Acute exercise in a hot environment increases heat shock protein 70 and peroxisome proliferator-activated receptor γ coactivator 1α mRNA in Thoroughbred horse skeletal muscle.
Authors: Ebisuda Yusaku, Mukai Kazutaka, Takahashi Yuji, Yoshida Toshinobu, Kawano Aoto, Matsuhashi Tsubasa, Miyata Hirofumi, Kuwahara Masayoshi, Ohmura Hajime
Journal: Frontiers in veterinary science
Summary
# Editorial Summary Whilst heat acclimatisation training is widely used to condition horses for performance in warm climates, the underlying muscular adaptations occurring after acute heat exposure remain poorly characterised.
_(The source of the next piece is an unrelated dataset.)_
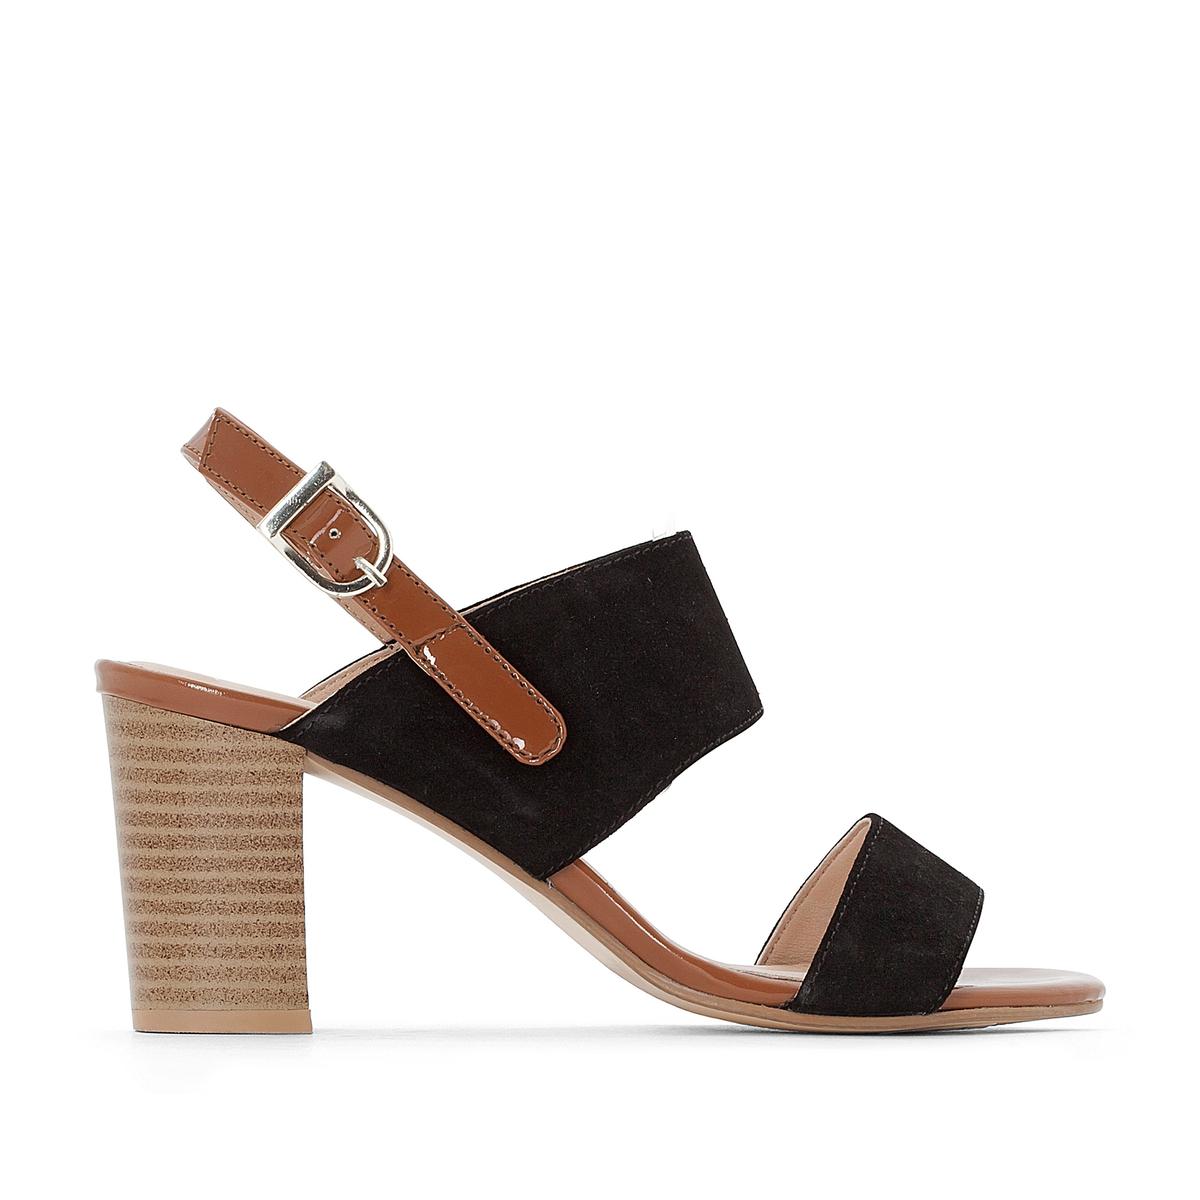 Босоножки кожаные на высоком каблукеВерх : кожа   Подкладка : кожа   Стелька : кожа   Подошва : эластомер   Высота каблука : 9 см   Форма каблука : высокий   Мысок : открытый   Застежка : ремешок с пряжкой<br><br>Цвет: черный<br>Размер: 42

This study examined whether a single exercise bout in hot conditions (WBGT 29.5°C) triggered different molecular signalling responses compared to the same work performed in cool conditions (WBGT 12.5°C), with 15 trained Thoroughbreds completing a standardised treadmill protocol involving walk, trot, canter and high-intensity efforts. Muscle biopsies from the middle gluteal taken 4 hours post-exercise revealed that only the hot-environment group exhibited statistically significant increases in heat shock protein 70 (HSP-70; 2.4-fold), the mitochondrial biogenesis regulator PGC-1α (8.4-fold), hypoxia-inducible factor 1-alpha (HIF-1α; 2.2-fold), and pyruvate dehydrogenase kinase 4 (PDK4; 14.1-fold), despite equivalent cardiovascular demands and similar lactate accumulation between groups. These findings suggest that acute thermal stress activates cellular protective mechanisms and metabolic remodelling independently of exercise intensity alone, implying that horses exercised in warm conditions may trigger adaptive processes that could support longer-term heat tolerance—though whether single exposures translate into meaningful performance benefits or if repeated thermal challenges are necessary for practical acclimatisation remains to be established.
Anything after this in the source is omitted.